The Week Of: November 11, 2019
This week’s news and stories of interest to the AML community. If you prefer a news roundup sent to you, subscribe to our weekly newsletter.
Closing the door on opening the books
New York state tax officials last week closed a loophole that could have revealed the identities of rich buyers who use shell companies to purchase luxury condominiums in New York City.
The loophole was the result of a law passed in September that targeted nearby Rockland County where homeowners suspected neighbors were using LLCs to illegally subdivide homes. Real estate industry insiders feared it could be interpreted to force anonymous condo purchasers in New York City, such as celebrities and the ultra-rich, to disclose their names and addresses.
The state Department of Taxation and Finance issued guidance clarifying that the law was intended to “apply to sales of a residential building with 1 to 4 dwellings, not the sale of individual condo units[.]” Read more from Curbed.
The guidance stands in contrast to a bill recently passed by the U.S. House of Representatives in October. The Corporate Transparency Act would require corporations and LLCs to reveal their ultimate beneficial owners to the federal government. It awaits a vote in the Senate.
In other steps taken by the federal government to increase transparency in the industry, the Financial Crimes Enforcement Network announced an extension of its investigation into whether wealthy foreign buyers are using shell companies to buy luxury real estate in all-cash deals. FinCEN’s initial investigation began nearly four years ago and focused on high-end deals in Manhattan and Miami. It has since expanded to include 12 U.S. cities.
Luxury goods and the Fifth Anti-Money Laundering Directive
A recent report by Transparency International highlighted how criminals use the U.K. to invest corrupt wealth into luxury property, yachts, jets and art, to the tune of at least £17.6 million over the last 30 years.
As a result, the scope of regulations over the luxury goods market under the Fifth Anti-Money Laundering Directive (5MLD) has been expanded. Art intermediaries must comply with Money Laundering Regulations 2017 for transactions of €10,000 for all forms of payments, not just cash.
In addition, customers paying for goods with pre-paid cards must be subjected to identity checks for transactions over €150 made directly in a shop or €50 or above made online, and enhanced due diligence measures are required for transactions involving high-risk countries such as Iran.
FinCEN designates Iran as ‘primary money laundering concern’
The U.S. Financial Crimes Enforcement Network (FinCEN) recently issued a final rule designating Iran as a primary money laundering concern pursuant to Section 311 of the USA PATRIOT Act.

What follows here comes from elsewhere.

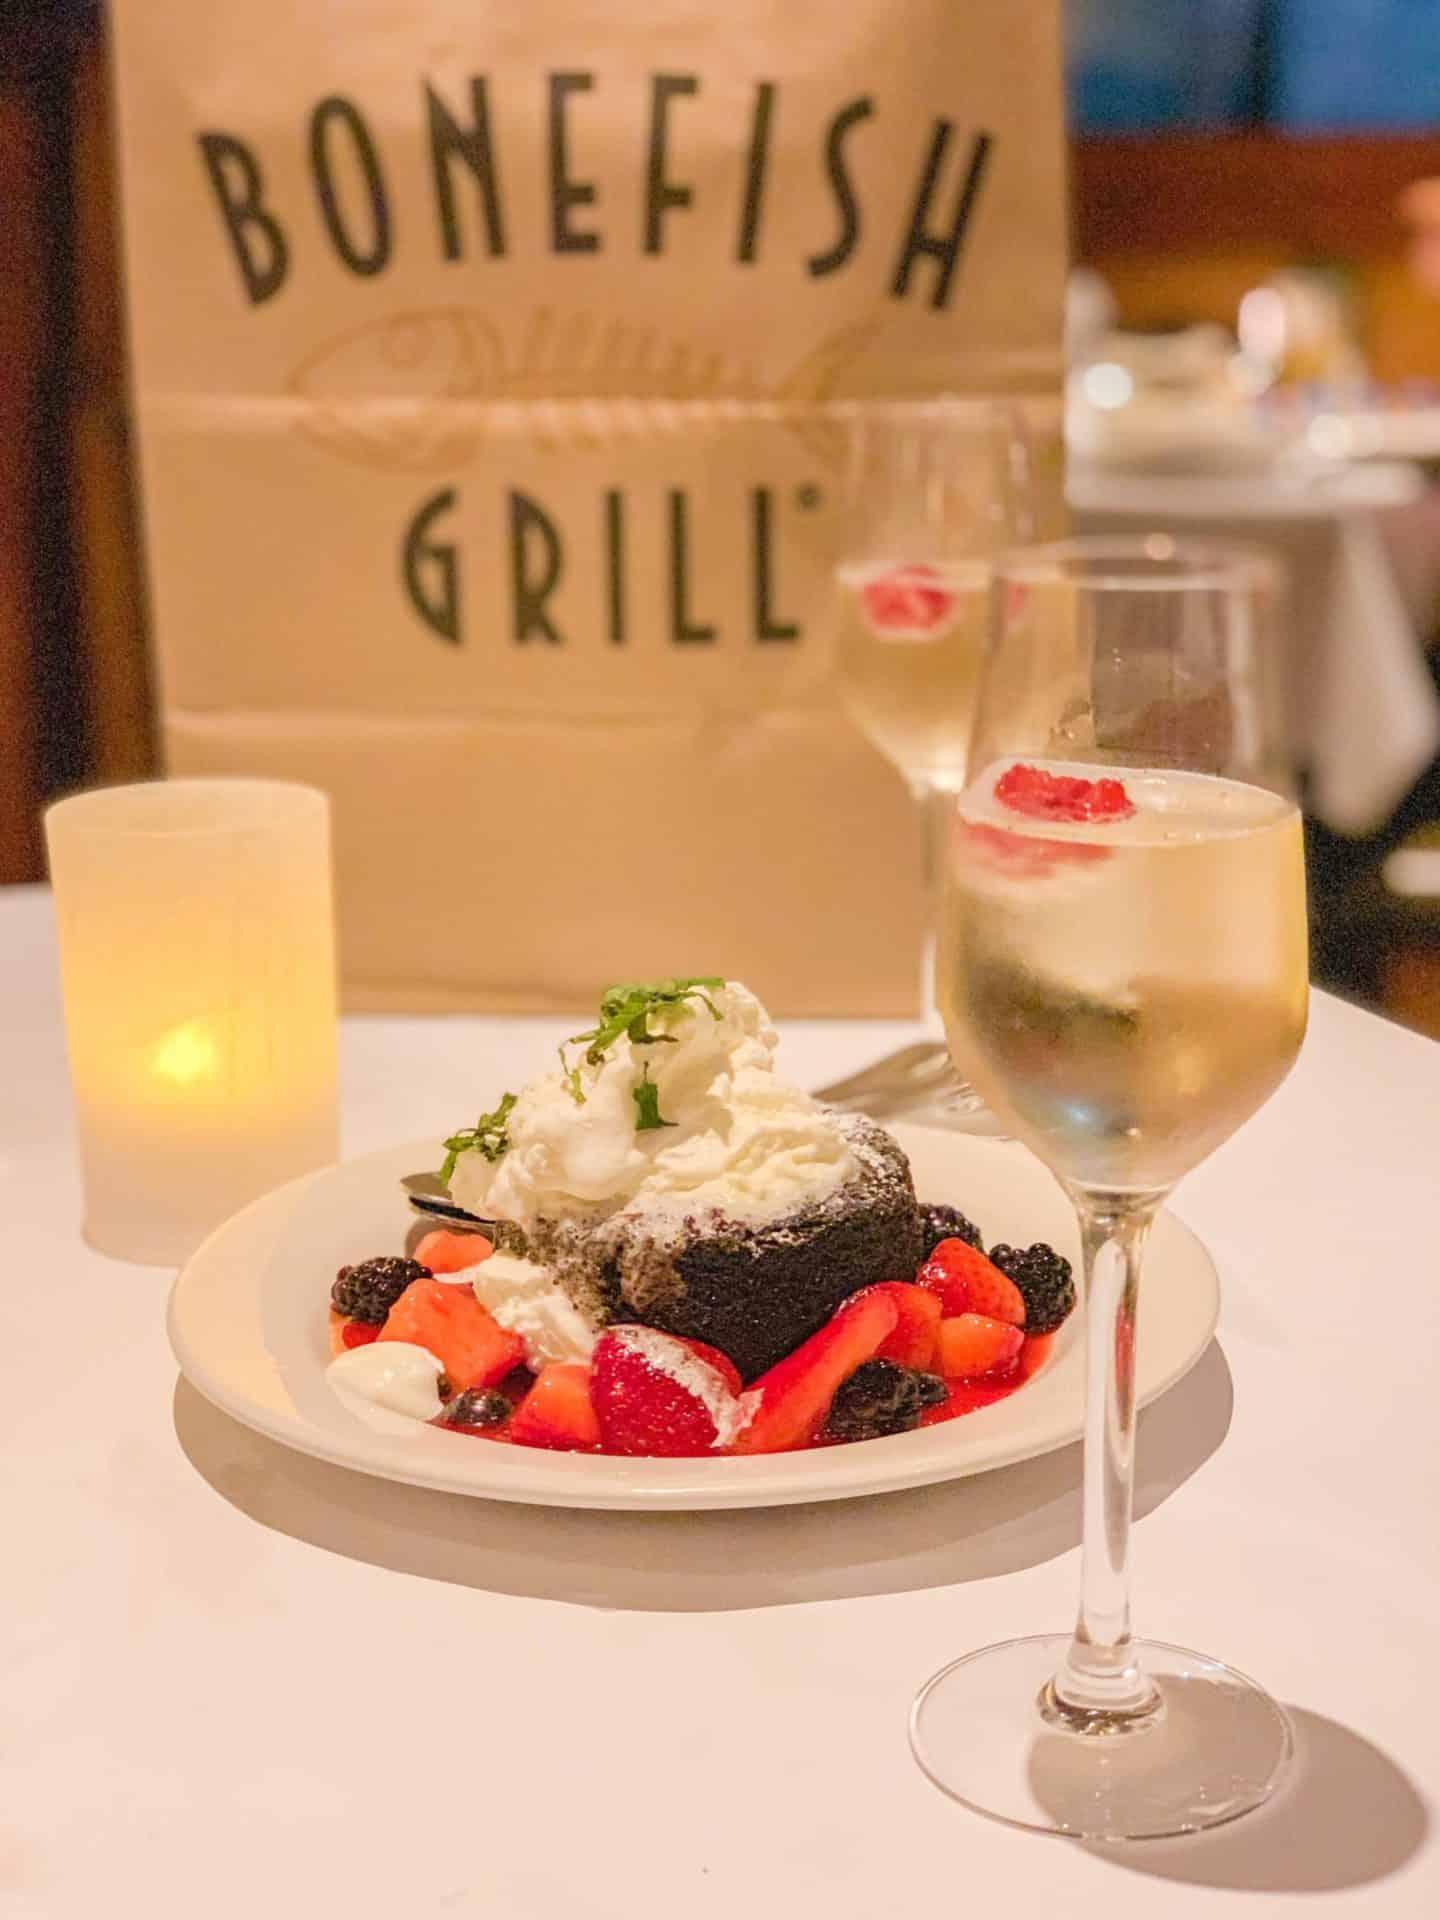 Our Valentines Dinner At Bonefish Grill Shaunda Necole

The ruling requires financial institutions in the U.S. to implement safeguards that will prevent the use of correspondent bank accounts on behalf of Iranian FI’s and prohibits the processing of transactions involving Iranian banks.
The U.S. government accused Iran of using humanitarian trade to evade sanctions in order to launder money and facilitate terrorism abroad. It therefore created a mechanism to provide transparency by requiring FI’s to conduct enhanced due diligence “to mitigate the higher risks associated with transactions involving Iran,” according to a Treasury Department release.